University of Washington researchers found a significant move toward telemedicine visits and reduced in-person clinic testing in the early days of the pandemic among PHA-accredited Pulmonary Hypertension Care Centers (PHCC).

Josh Lee, M.D., and Peter Leary, M.D., discuss their findings in the July 29 edition of the Annals of the American Thoracic Society.

“A Survey-based Estimate of COVID-19 Incidence and Outcomes among Patients with PAH or CTEPH and Impact on the Process of Care,” was based on the responses of 58 PHCC directors about changes in clinical operations because of COVID-19.

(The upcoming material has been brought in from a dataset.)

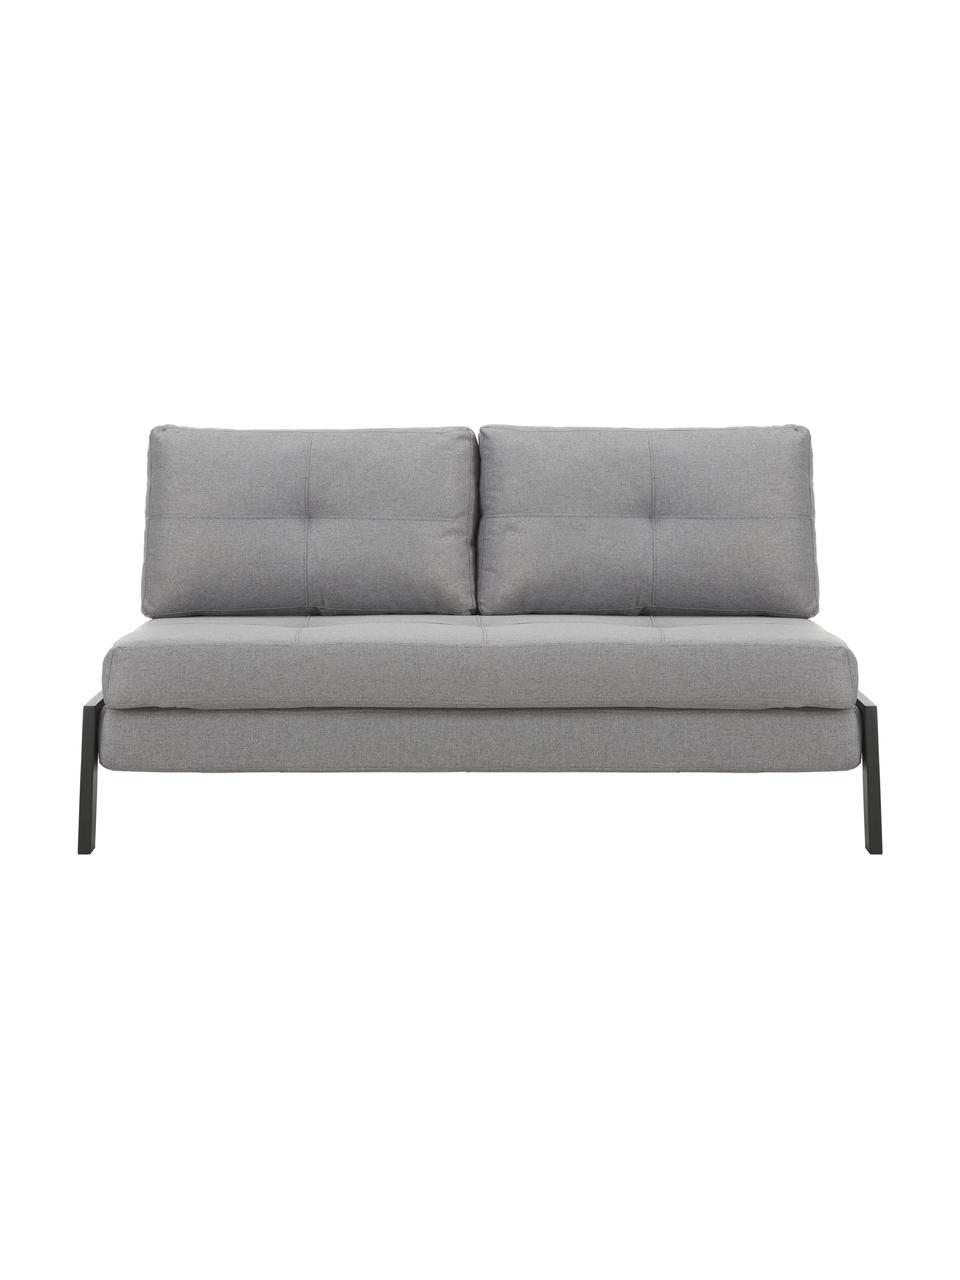 Sofa rozkładana z metalowymi nogami Edward, Tapicerka: 100% poliester 40 000 cyk, Jasny szary, S 152 x G 96 cm
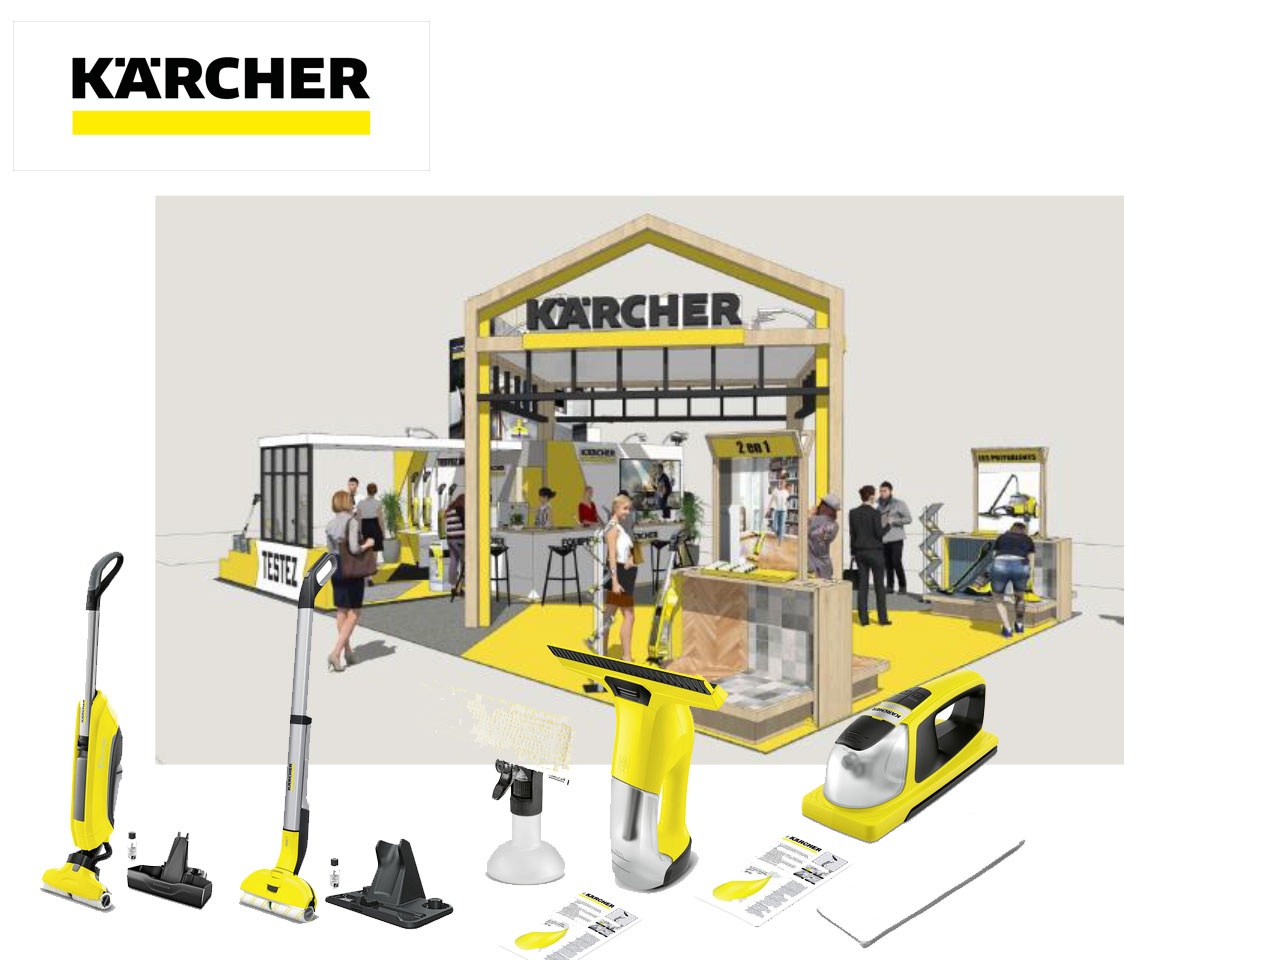 Le nettoyeur de sols FC5 de Kärcher élu produit de l'année 2018

In addition to increased televisits, the study found a widespread shift away from in-person clinic visits and a disruption in diagnostic testing and research activities.

Of the PHCCs with a high prevalence of COVID-19, just 9% used telemedicine visits before the pandemic. That jumped to 91% for telephone visits and 97% for videoconferencing during the pandemic.

Now that telemedicine is likely to remain an ongoing part of clinical care, the PHA Registry (PHAR) plans to work toward collecting data through telehealth visits.

PHAR collects data from people with PAH, pediatric PH due to developmental lung disease and Group 4 PH (chronic thromboembolic pulmonary hypertension, or CTEPH) who are starting evaluation and/or treatment at a PHCC. The data help researchers identify and evaluate trends to ultimately improve patient care.